タ・プロームは、アンコール・トムを作ったジャヤヴァルマン7世によって12世紀末に創建されました。創建当時は仏教寺院でしたが、途中からヒンドゥー教の寺院にかわったと言われています。最盛期には僧侶や踊り子が多く暮らしていましたが、やがて見捨てられ、密林の奥深く誰も訪れることのないまま、長い間眠っていました。森の中のこの遺跡は、暑い日でも外界から切り離され、静けさ、涼しさを感じさせてくれます。世界遺産登録されているアンコール遺跡群の中でも、雰囲気がまるで違うところです。
かつて多くの僧侶と踊り子が住んでいたタ・プローム。今では多くの観光客が訪れ、アンコール遺跡群の中でも屈指の人気を誇っています。
タ・プロームの中の遺跡は崩壊した場所も多いのですが、安全に支障がない程度に修復はされています。大きく育ってしまった樹木を取り除くということはしておらず、細かいところ、苔むした石が積み重なったところなどは、壊れたままで今現在、治されていません。
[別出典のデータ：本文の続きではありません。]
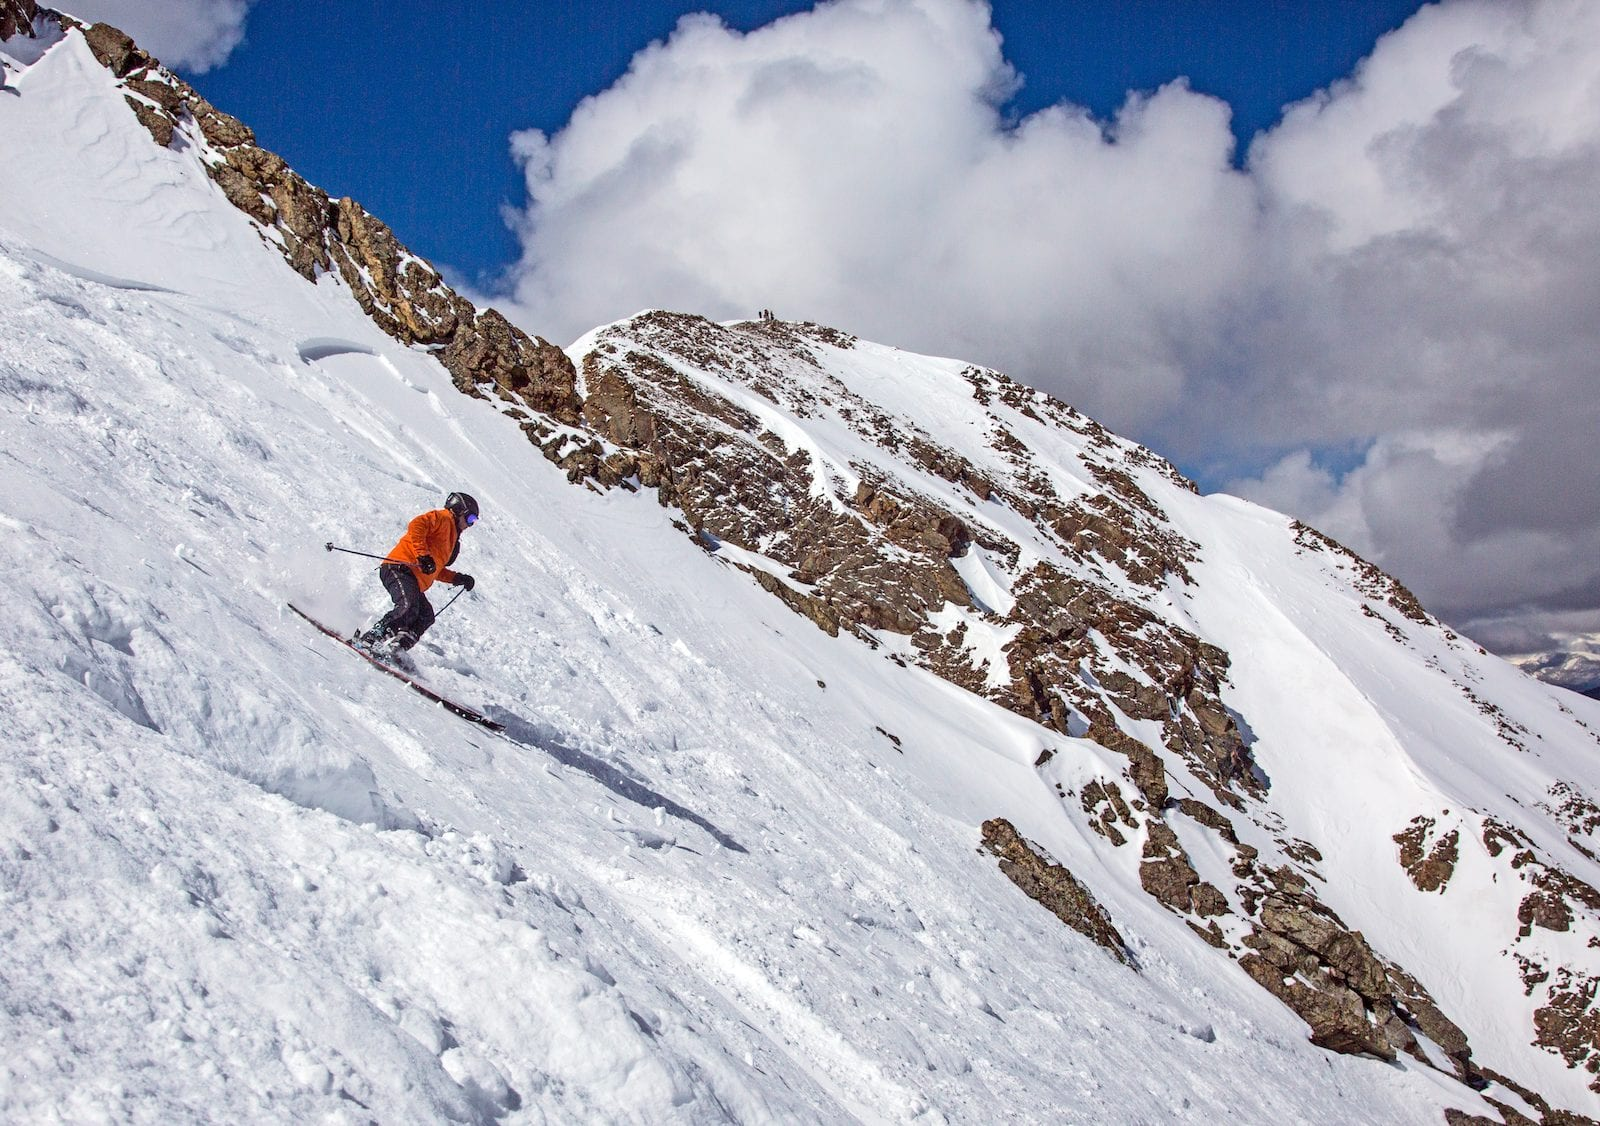 Arapahoe Basin Ski Resort, Colorado

きちんと修復された遺跡は、他の場所でいくらでも見ることができますが、タ・プロームは崩壊した遺跡と自然との融合がセールスポイントで、「密林の奥深く眠る遺跡」というイメージがこれほどしっくりくる遺跡はないのではないでしょうか。崩れ苔むした石、壁の上を這う樹魂、建物を押しつぶすかのようなガジュマル。私たちがイメージする密林の中の遺跡そのもので、探検家になった雰囲気を味わえます。
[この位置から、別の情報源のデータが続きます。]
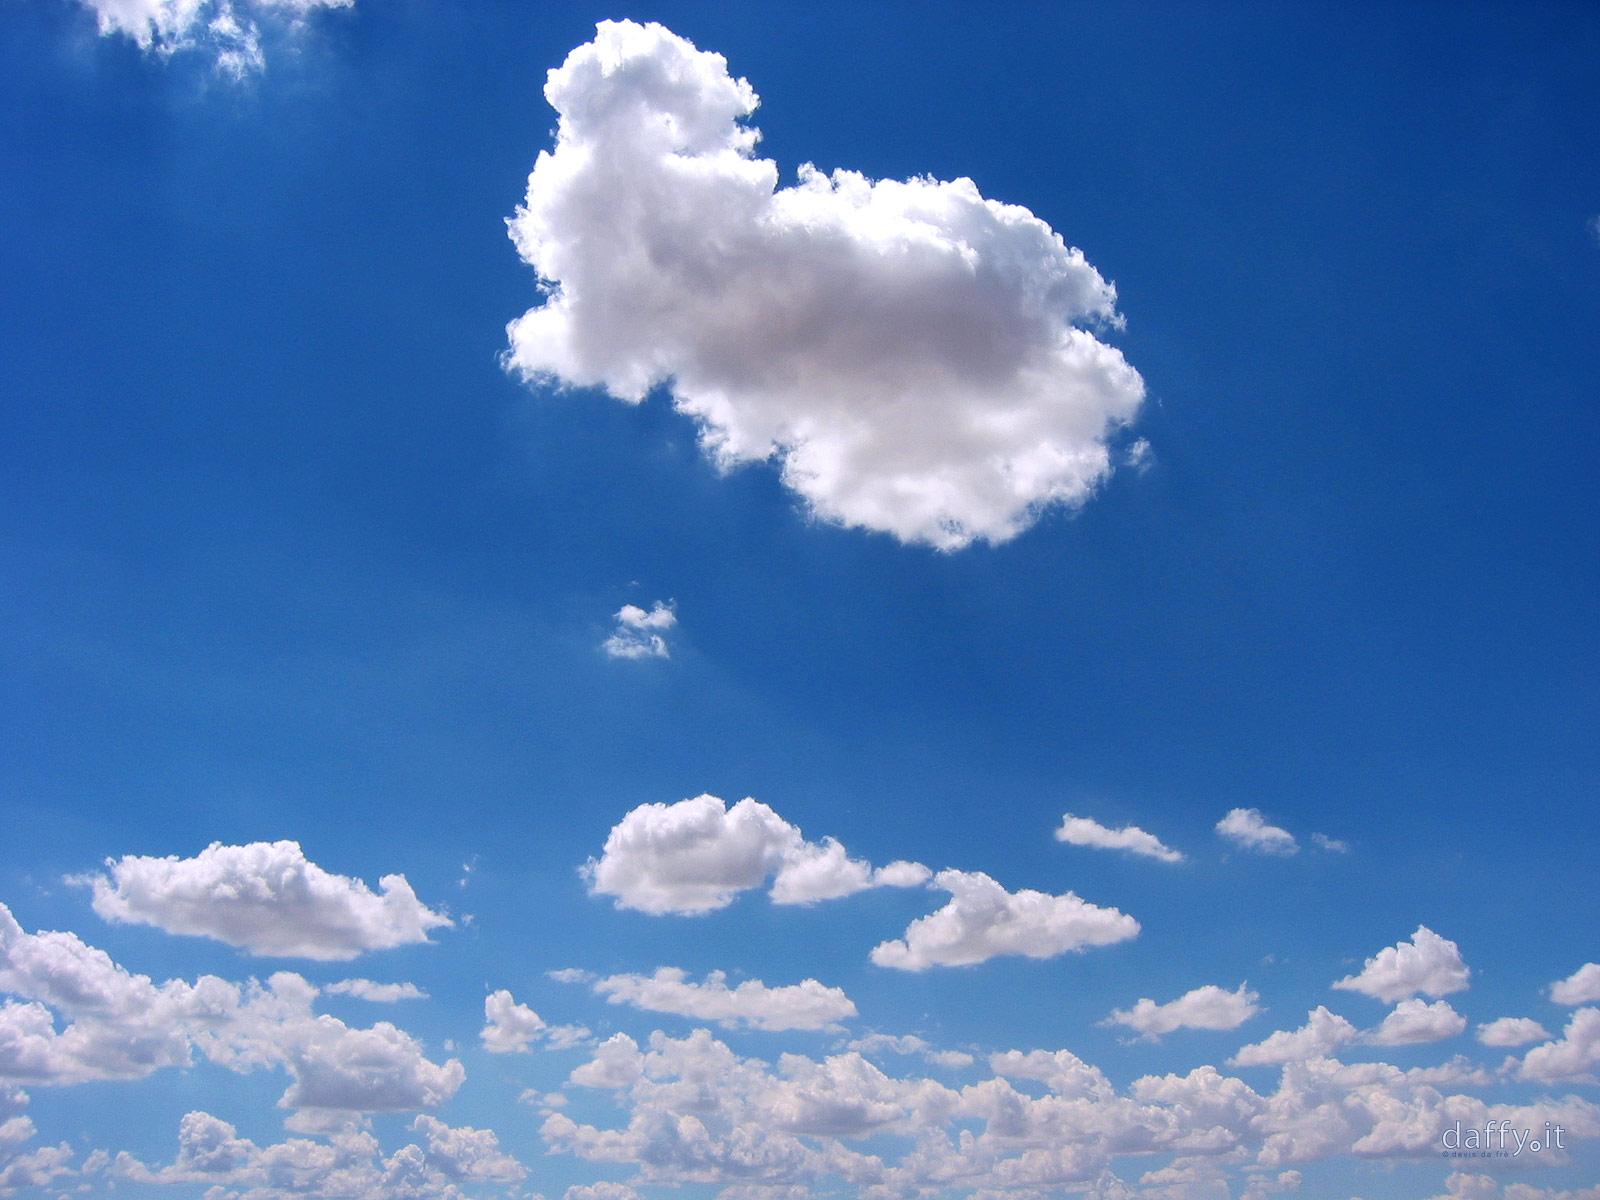 http://4.bp.blogspot.com/_KX1DEGPJiF8/TQUbevH8quI/AAAAAAAAAwk/5e4Wlt_zNxE/s1600/nuvole.jpg

ガジュマル(別名:スポン)に浸食された風景をみるとき、自然の力というものは人の作ったものを簡単に超えてしまうということを再認識させられます。20mくらいにまで成長し、別名「絞め殺しの木」ともいわれるガジュマル。この遺跡のガジュマルは樹齢300年を超えています。巨大な樹木に建物が押しつぶされんばかりになっており、自然の驚異を感じさせてくれます。
映画『トゥームレイダー』でここタ・プロームもロケ地として使われました。アンジェリーナ・ジョリー演じるトレジャーハンターであるララ・クロフトが、密林の中の遺跡に入り込んだ場面で使われたので、ガジュマルの巨木が建物を侵食するかのようなこのシーンを映画で見たことのある方も多いことでしょう。いくつかのシーンはタ・プロームの特徴的なガジュマルがある場所を使って撮影されました。
また、このタ・プロームは『天空の城ラピュタ』の雰囲気も感じさせてくれます。同じアンコール遺跡群で、森の中にある遺跡「ベンメリア」と共に、ジブリファンなら一度は訪れてみたい遺跡ではないでしょうか。
暑い日でもここタ・プロームのある界隈だけは、まるで別世界のように爽やかです。「密林の奥深く、長い間眠っていた遺跡」、ロマンを感じませんか?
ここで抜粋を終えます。